Two years leading to FigurateNum v3 visualizations in the complex plane

After almost two years and nearly reaching 20 thousand downloads, between readings, late nights, music, and new questions, I begin with this mathematical and poetic quote that inspired me to develop version 3 of FigurateNum, now on PyPI:

Precise knowledge of the behavior of an analytic function in the neighborhood of its singular points is a source of number-theoretic theorems.

This note reflects on recent developments, implementation details, and ideas behind FigurateNum v3.

What this version 3 brings

From a broader perspective, I have carried out a moderate restructuring of the visualization API. I split it into two special classes that allow visualization, which I see, in a recursive sense, as the geometric realization of structures that themselves originate from geometry.

DiscreteViz

The first is DiscreteViz, which emulates the kind of luminous reflections on coffee cups that Rogelio Pérez Buen Día might describe when performing geometric multiplication in $\mathbb{Z}/n\mathbb{Z}$ over figurate numbers (already present since version 2 of FigurateNum).

ComplexViz

The second is a new addition in version 3, and almost a natural necessity: ComplexViz. The new ComplexViz brings complex analysis to the Sunday morning table. The main reference has been Visual Complex Functions by Elias Wegert (2012), particularly the idea of phase portraits.

Phase portraits offer a way of globally visualizing numbers through domain coloring techniques. FigurateNum approaches this through generating functions $f(z)$ defined mathematically in Deza & Deza (2012), along with some necessary extensions from the literature.
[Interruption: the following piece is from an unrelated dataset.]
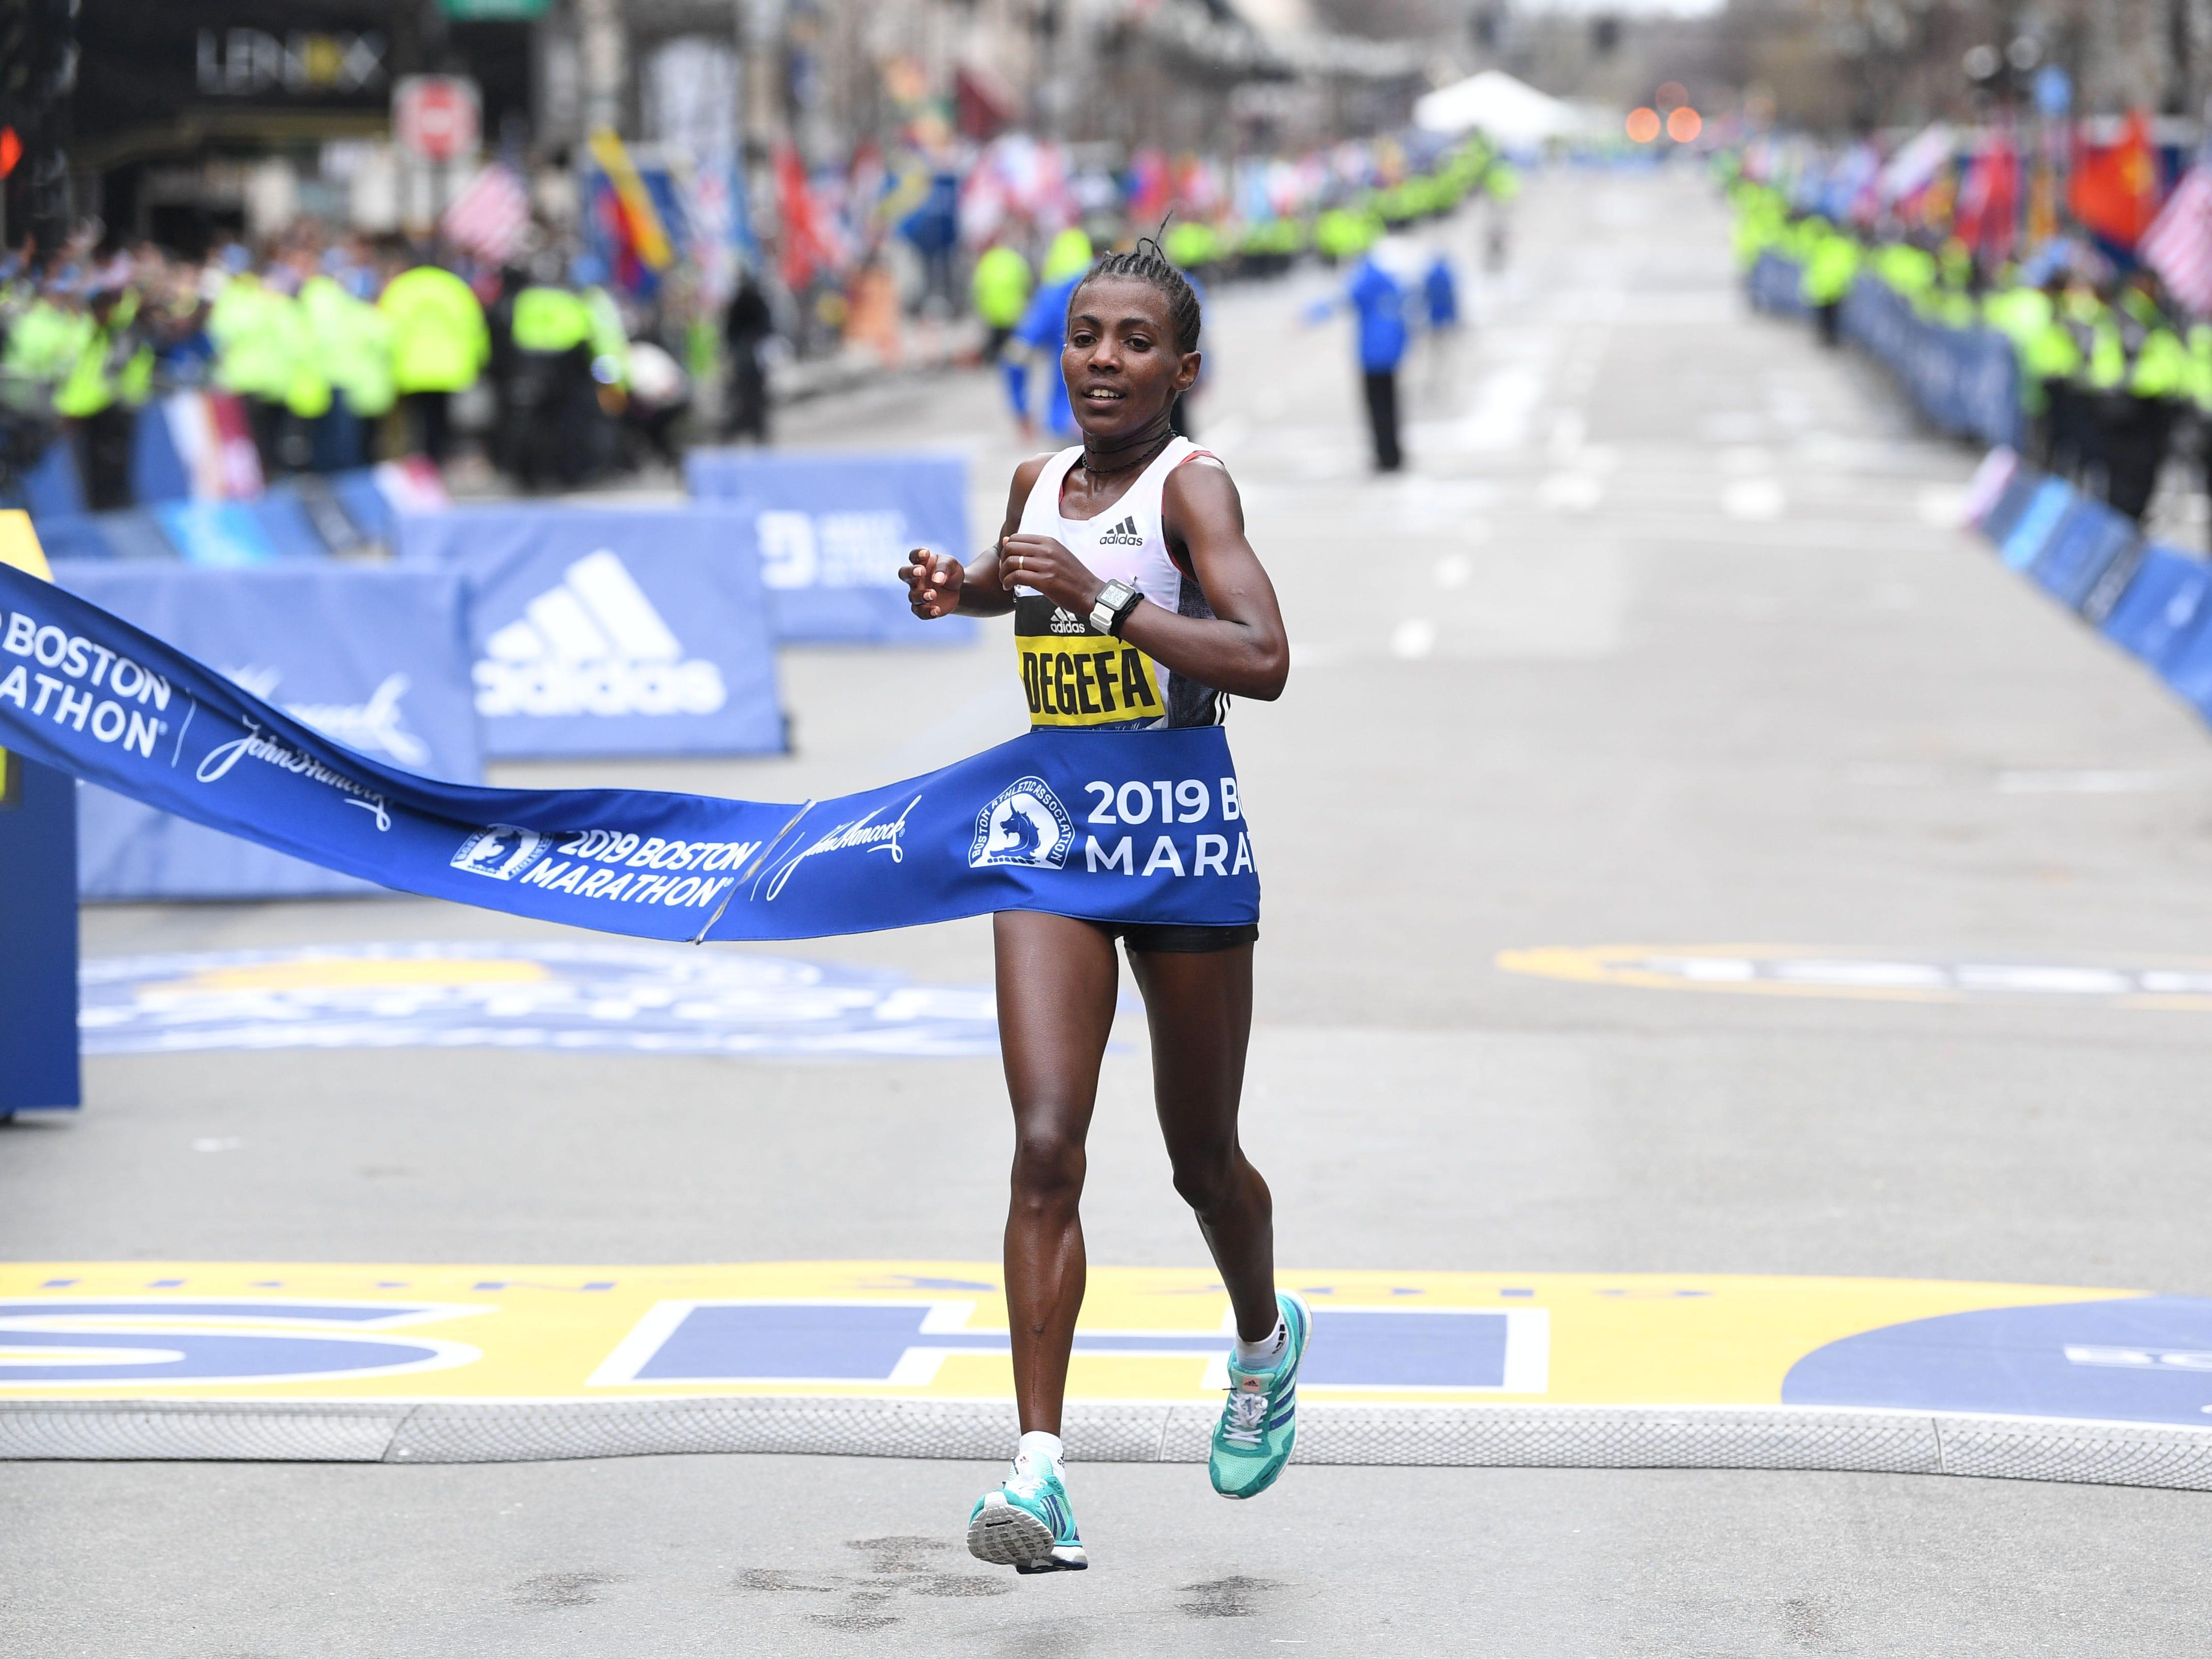 Worknesh Degefa (ETH) crosses the finish line to win the 2019 Boston Marathon.

What do they look like? You can see them below in the complex plane $\mathbb{C}$, arranged along the main diagonal of a $2 \times 2$ pseudo-matrix gallery.

With ComplexViz, I begin to address the lack of basic analytic tools for understanding figurate numbers beyond their combinatorial and discrete existence.

This opens access to more than 150 figurate functions in $\mathbb{C}$, together with zeros and poles as the most significant points of the functions, and artistic possibilities such as Matplotlib-based coloring. Some of these are not yet included in the generators, which in fact include many more (235+), and may invite you to start experimenting with just a few lines of code.

What happened under the hood?

What I did in the design of the library was to rethink its internal construction and build a new structure with slightly less pure Python generators and, as already used in version 2, Matplotlib. In this version 3, it also incorporates SymPy.

Under the hood, sequences are born in a symbolic storage layer and then evaluated with NumPy. In any case, the library remains firmly within the classical Python ecosystem for these purposes.

I should clarify that the inclusion of SymPy was mainly necessary with an eye toward the future of the library (nothing more). It needed to be grounded in something that could allow algebraic manipulation and greater freedom with related mathematical objects.

Classes outside the API

Inside version 3, there are a couple of classes that are not exposed in the main API: SeriesExpansion (relatively trivial for now) and MobiusMuViz, both within the visualization context.

I wrote this MobiusMuViz quickly in order to bring some questions to a talk at the end of February by Professor Andrés Chirre at IMCA (Instituto de Matemática y Ciencias Afines of Perú), who currently works on sums and bounds of the Möbius function $\mu(n)$.

For now, the implementation has performance degradation since each large $n$-term requires factorization. Some sequences were tested for a few minutes (I don’t remember the exact time), reaching around $2.5 \times 10^6$ terms.

Problems throughout development

I should mention that the most time-consuming part has been designing the general system of figurate numbers in a way that can be extended cleanly in the future. The next major bottleneck has been verifying errata, checking for mistakes and avoiding false positives.

I also found additional errors in the context of the generating functions $f(x)$, which are documented in a $\LaTeX$ file in the repository at docs/errata/errata-figuratenumber.tex. This is an area where collaboration is especially welcome.

New official docs

Along with version 3, I decided to launch the official documentation, which I will continue expanding over time. You can access it by clicking the FigurateNum v3 banner also (guess which sequence is showed).

Although still in its early stages, it already contains what I consider sufficient material to approach the topic from scratch (this was requested by some musician and musicologist friends), as well as a slightly more detailed explanation of the theoretical ideas behind figurate numbers for readers with some mathematical background.

The docs have four sections: Learn, Mathematical Theory, API, and Contributing. The API documentation is generated directly from the source repository. Choose your path.

What happened along the way, and what comes next?

I reach the final term of this short figurate note. What comes next?

At the beginning of March (9–13), I returned to IMCA, attended several talks in the School of Geometry as an observer, and spent time in informal conversations with professors. A few ideas came out of those exchanges. They were small at first, but they have stayed with me ever since.

I plan to explore some of those sketches in future releases of FigurateNum. As with many things in this library, they will probably grow slowly, one question at a time.